SoFunction
Updated on 2024-11-19

Data binning code using python to calculate percentiles

insofar aspercentileI believe we are all familiar with the following explanation source quoted from Baidu Encyclopedia.

Percentile, if a set of data is sorted from smallest to largest and the corresponding cumulative percentile is calculated, the value of the data corresponding to a particular percentile is called the percentile of that percentile. Can be expressed as: a set of nobserved valuecheck or refer tonumerical valueThe sizes are ordered. For example, the value at the p% position is called the pth percentile.

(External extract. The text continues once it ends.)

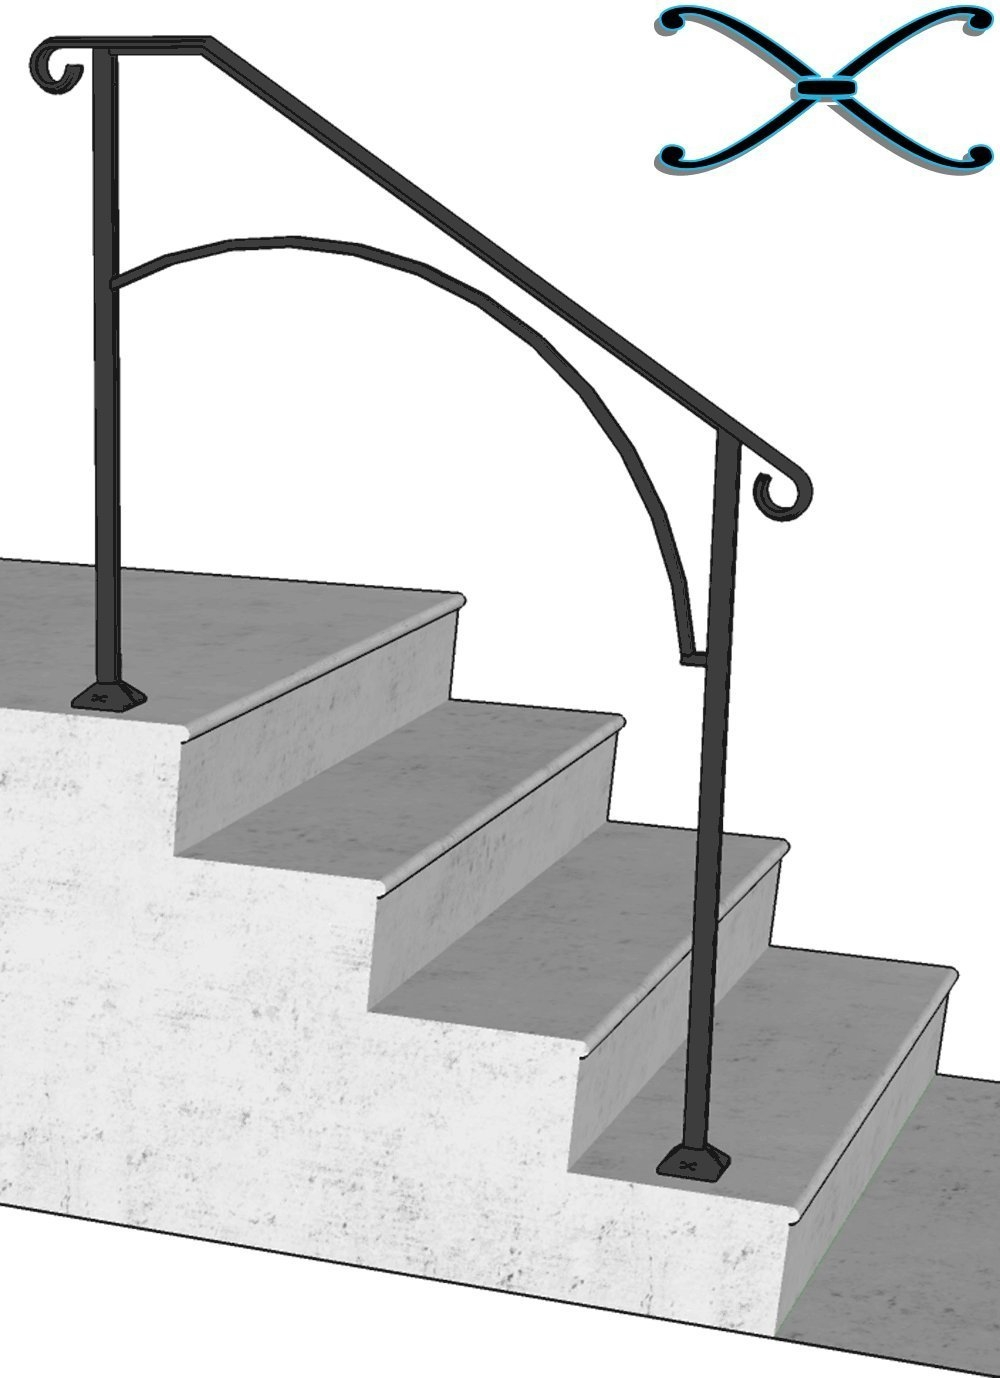 Iron X Handrail Arch 3 Concrete Steps Walmart Com Walmart Com   Handrails For Concrete Steps   Concrete Surface Mount Stair Railing   Back Patio   Premade   Landing   Deck Stair

Since percentiles are used to divide the data in equal parts, this method can also be used for equal frequency binning.

import pandas as pd
import numpy as np
import random
t=(columns=['l','s'])
# Randomly generate 1000 integers from 0 to 999
t['l']=[(0,999) for _range in range(1000)]
# Define s as 1 for statistical purposes
t['s']=1
# By finding the locus
l_bin=[]
for i in range(0,101,10):
 l_bin.append((t['l'],i))
# last digit of the quantile plus a very small number, otherwise the cut number 999 will be marked as nan
l_bin[-1]+=1/1e10
print('loci:',(l_bin).round(2))
#Slicing random numbers, left closed right open when right=False
t['box']=(t['l'],l_bin,right=False)
tj=('box')['s'].agg('sum')
print('Boxing statistics')
print(tj)
# Generate new labels
label=[]
for i in range(len(l_bin)-1):
 (str(l_bin[i].round(4))+'+')
Dictionary generation for #original tags and customized new tags
list_box_td=list(set(t['box']))
list_box_td.sort()
dict_t=dict(zip(list_box_td,label))
# Replacement based on dictionary
t['new_box']=t['box'].replace(dict_t)
print('New split-box statistics')
tj=('new_box')['s'].agg('sum')
print(tj)
del t['s']
print(())

Output results:

locus (computing): [ 0. 90.9 194.6 290. 386. 473.5 589. 688. 783.2 884.2
 997. ]
Sub-case statistics
box
[0.0, 90.9)  100
[90.9, 194.6)  100
[194.6, 290.0)  99
[290.0, 386.0)  99
[386.0, 473.5) 102
[473.5, 589.0)  99
[589.0, 688.0) 100
[688.0, 783.2) 101
[783.2, 884.2) 100
[884.2, 997.0) 100
Name: s, dtype: int64
新Sub-case statistics
new_box
0.0+  100
194.6+  99
290.0+  99
386.0+ 102
473.5+  99
589.0+ 100
688.0+ 101
783.2+ 100
884.2+ 100
90.9+  100
Name: s, dtype: int64
  l    box new_box
0 253 [194.6, 290.0) 194.6+
1 468 [386.0, 473.5) 386.0+
2 130 [90.9, 194.6) 90.9+
3 476 [473.5, 589.0) 473.5+
4 656 [589.0, 688.0) 589.0+

You can see that within each sub-box, there are about 100 numbers. Based on this method, some labels can be customized.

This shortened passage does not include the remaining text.